Monday, September 2, 2013

August in Review


A nice 6 mile run on Friday brought my August training to a close.  I had some challenges this month with some IT band pain as well as a crazy work schedule that resulted in some altered workouts.  In the end, I am still happy with how things went.

Shortened 21 miler

The August Details

August 2013 stats

135.60-- running miles
0-- spin miles
0-- jump rope fitness workouts
0-- core fitness workout
0-- Pure Barre classes
0-- Fitness App workout
0-- walking miles
135.60-- total miles

Current 2013 stats
960.62-- running miles
67-- spin miles (3 classes)
19-- jump rope fitness workouts
1-- core fitness workout
12-- Pure Barre classes
1-- Fitness App workout
9.69-- walking miles
1,037.31-- total miles

2013 "to do list" check-in

2013 Running Goals
1. First and foremost 26.2 under 4 hours--enough said
-We shall see what happens in 13 days!!


2. Achieve a second sub 1:50 so I can remove the asterick from my current sub 1:50 PR
-I didn't run any 1/2 marathons this month so the opportunity to achieve this goal didn't present itself. I did run a 10K as a time trial this month.  I managed to maintain my marathon goal pace and place first in my age group.  I also set a new age group record for the course.

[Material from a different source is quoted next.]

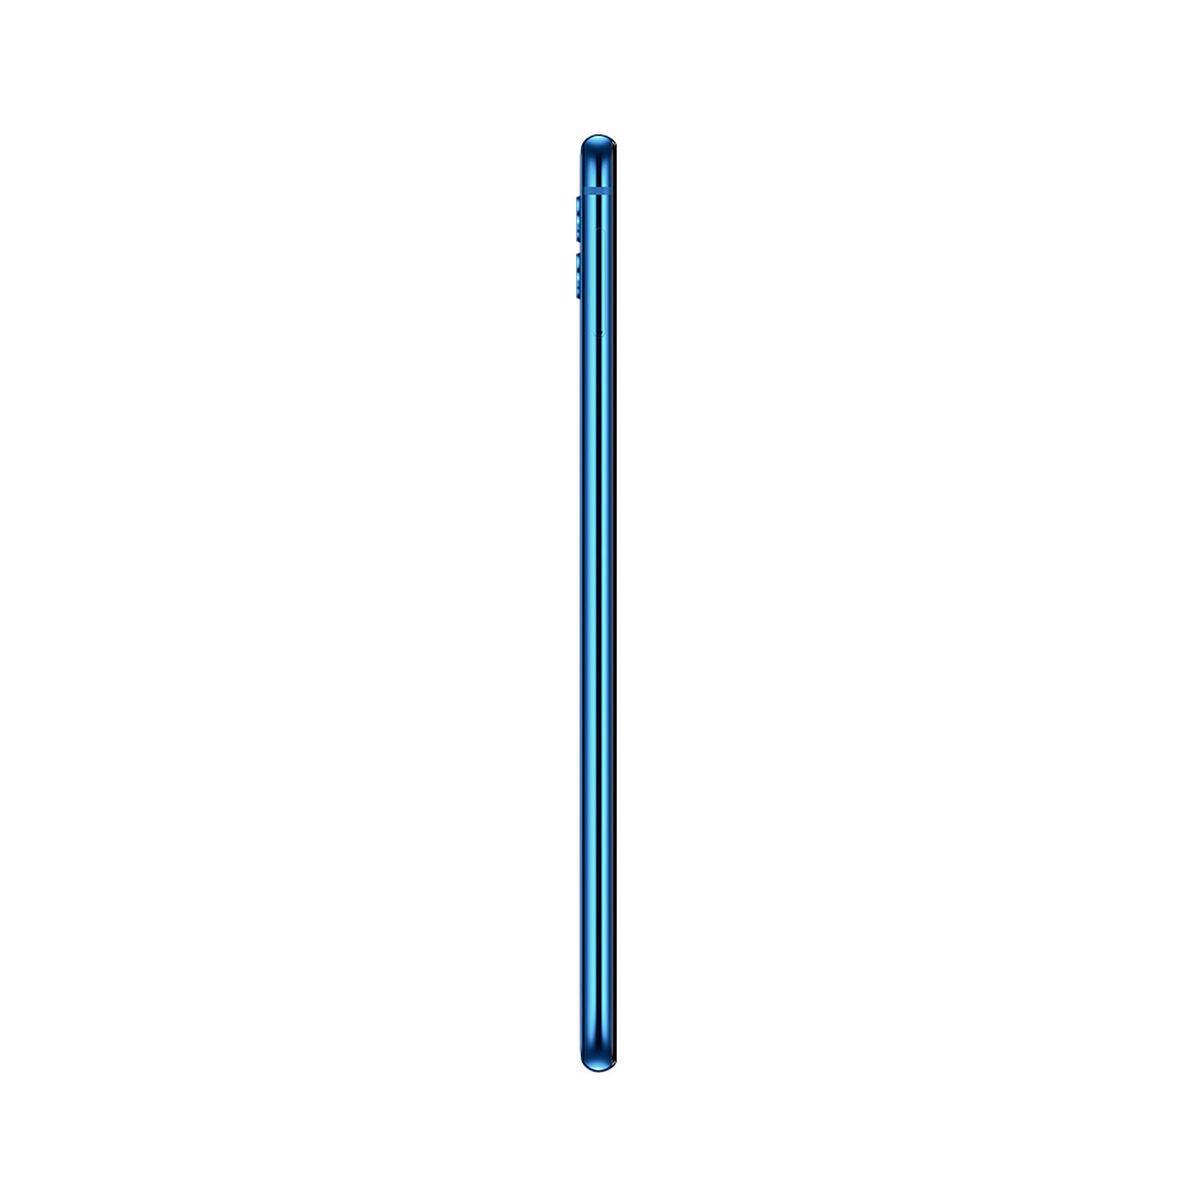 Celular Huawei Mate 20 Lite 6.3" Azul Liberado

Jenn and I post race after reaching our goals

New age group course record


2013 Mini Running Challenges
1. Run 100 miles per month
-135.60 miles run in August.  Mission accomplished!
2. Run 1300 miles for the year
-339.38 miles to go to complete this challenge.

2013 Non-Running Mini Challenges
1. Cross-train at least twice a week
-Not one single cross-training workout took place.  I did walk around Cedar Point one day but that's it.
2. Complete a jump rope workout every day
-Not a single jump rope workout completed. And...the trend continues...
3. Drink 50 ounces of water per day (based on my current weight, this is my daily water intake need)
-I did so much better with this one!  No dehyrated runs this month!
4. Take my vitamins daily
-Vitamin taken every single day in August!
5. Continue to choose and cook healthier foods
-11 meals made in July. Success!
6. Learn to swim...better luck this year
-Still looking for that luck and even talked to the lifeguard at our community pool. She said she could help me.  Well, the pool closes today and it's raining so.....
August was a good month overall.  I can't believe I am running the Erie Marathon in 13 days!  How did that happen?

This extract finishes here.